- Exercise prompt
Your response is a verbatim copy of the listing, stripped of its images.

- Available data
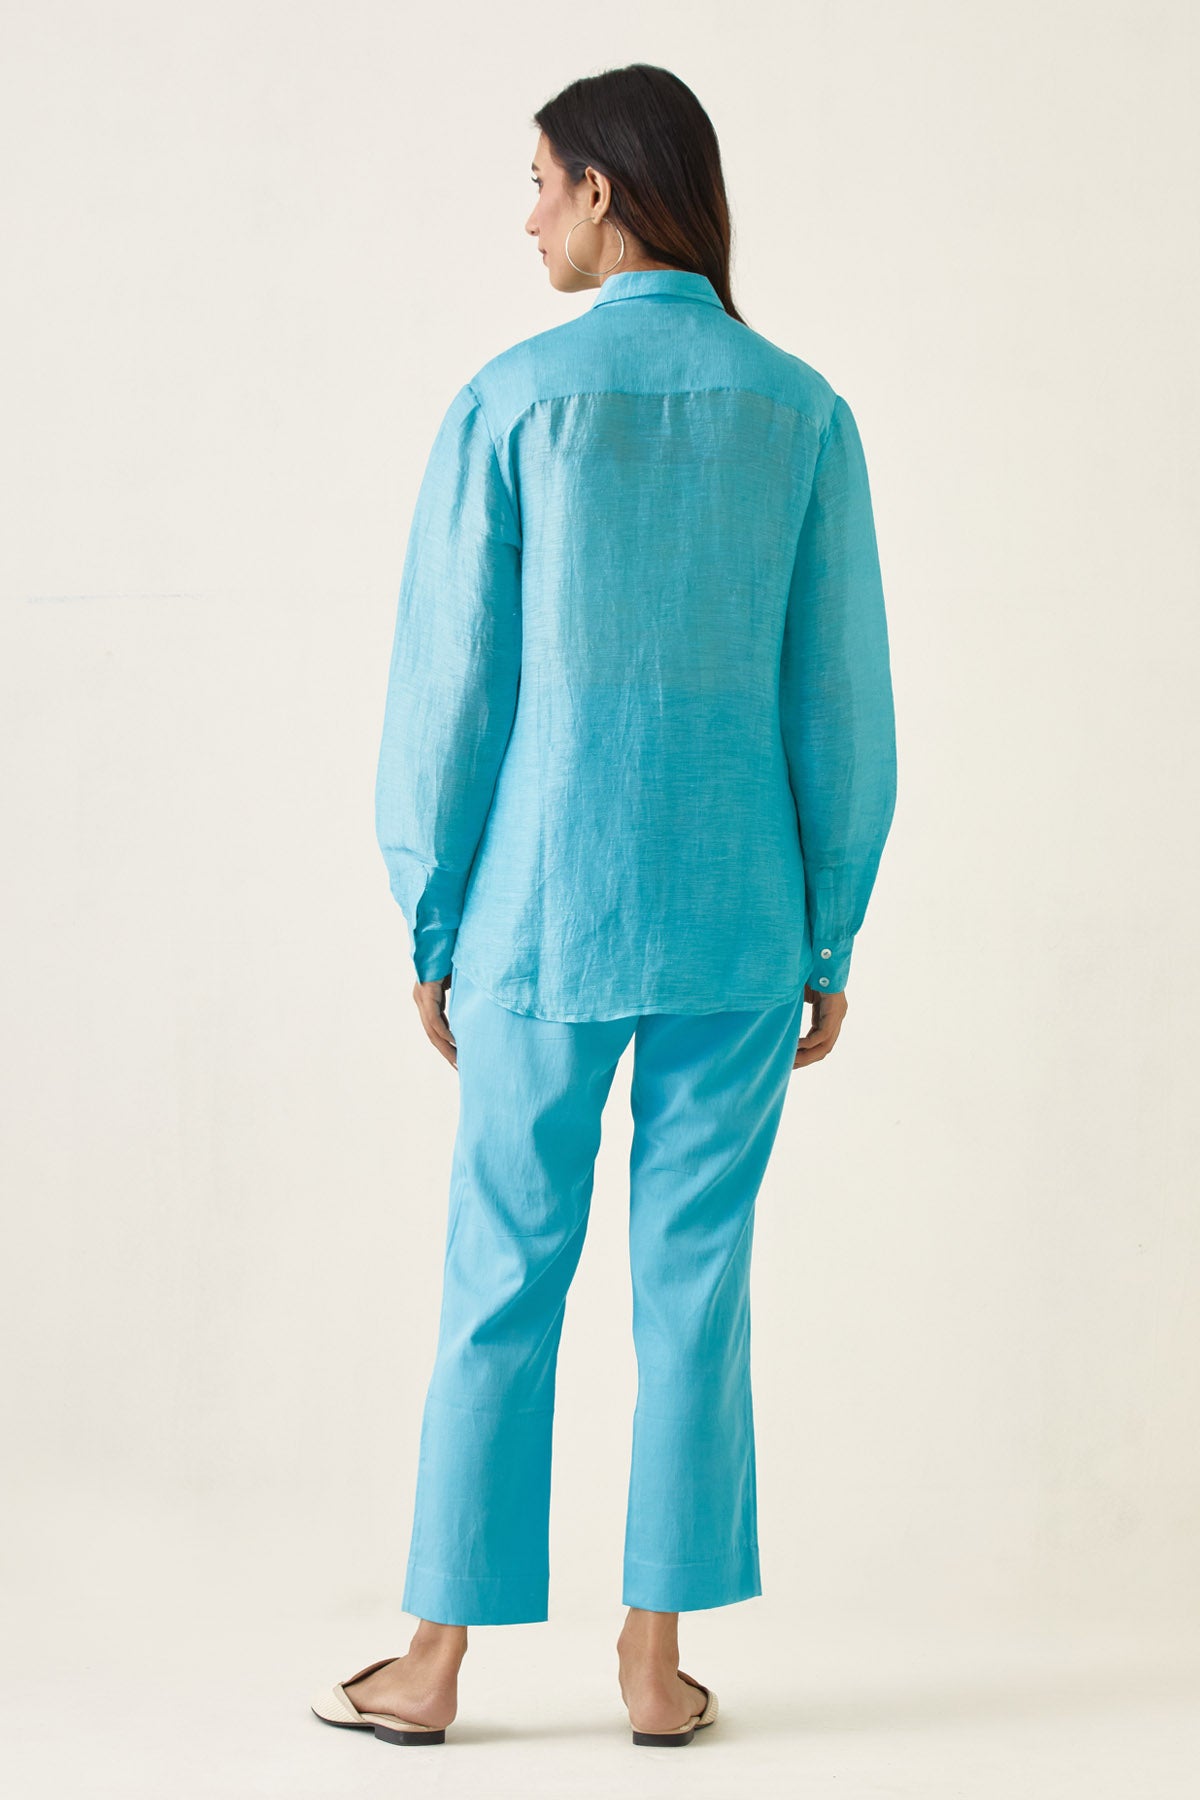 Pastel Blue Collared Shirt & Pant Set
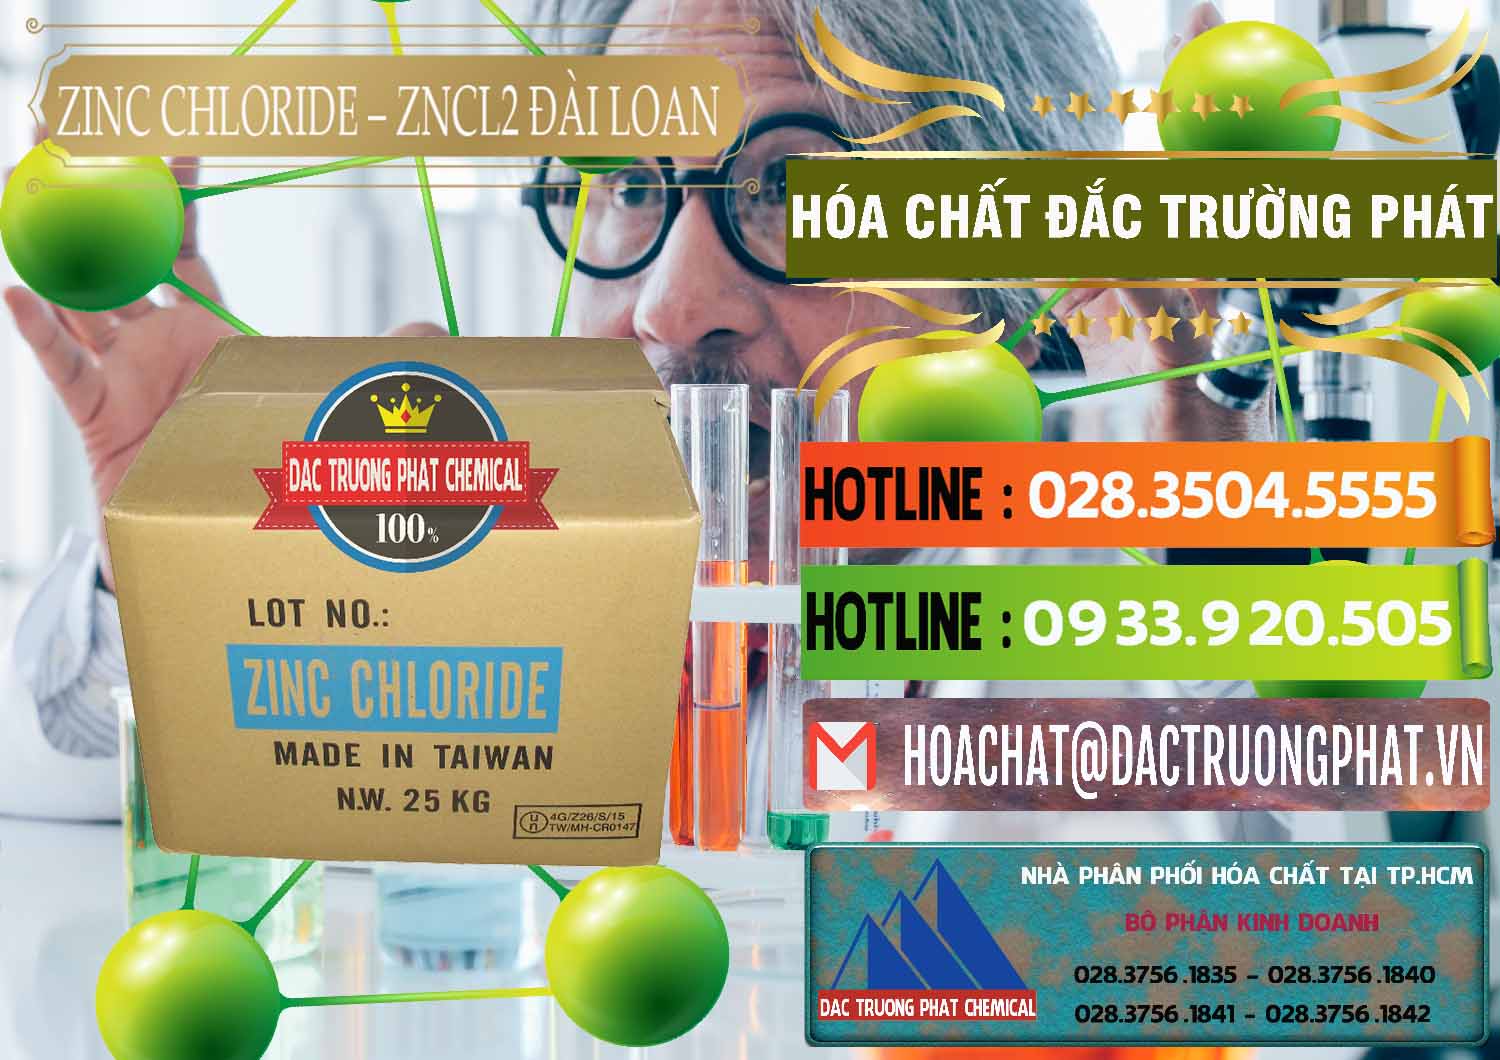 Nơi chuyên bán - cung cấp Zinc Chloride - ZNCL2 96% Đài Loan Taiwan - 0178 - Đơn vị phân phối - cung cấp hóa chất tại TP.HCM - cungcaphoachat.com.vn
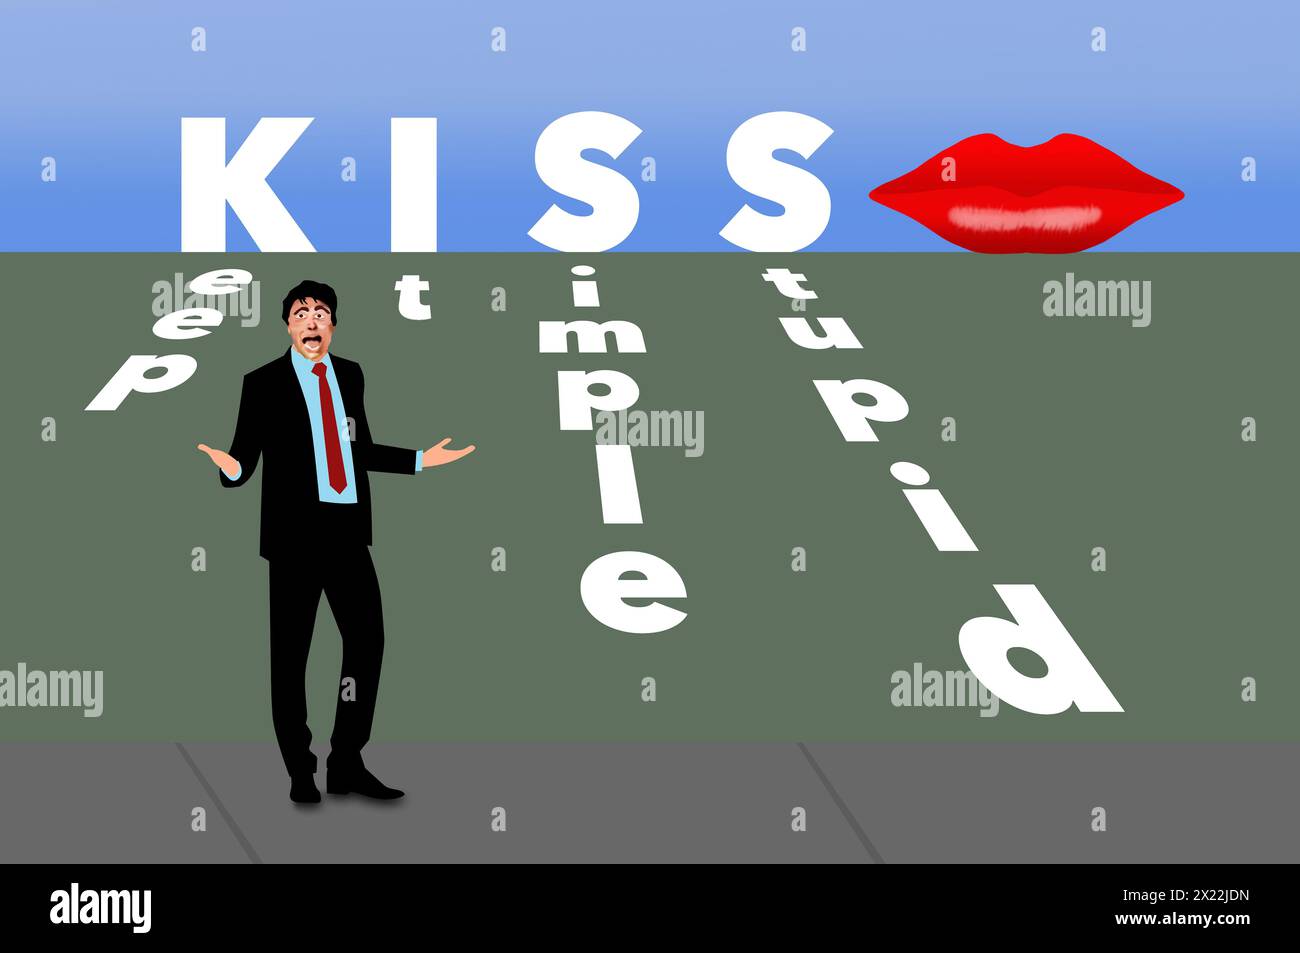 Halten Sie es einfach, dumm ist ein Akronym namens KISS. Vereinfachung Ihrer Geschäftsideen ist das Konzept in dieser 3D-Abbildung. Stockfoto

- Reply to the task
 Pastel Blue Collared Shirt & Pant Set
 Nơi chuyên bán - cung cấp Zinc Chloride - ZNCL2 96% Đài Loan Taiwan - 0178 - Đơn vị phân phối - cung cấp hóa chất tại TP.HCM - cungcaphoachat.com.vn
 Halten Sie es einfach, dumm ist ein Akronym namens KISS. Vereinfachung Ihrer Geschäftsideen ist das Konzept in dieser 3D-Abbildung. Stockfoto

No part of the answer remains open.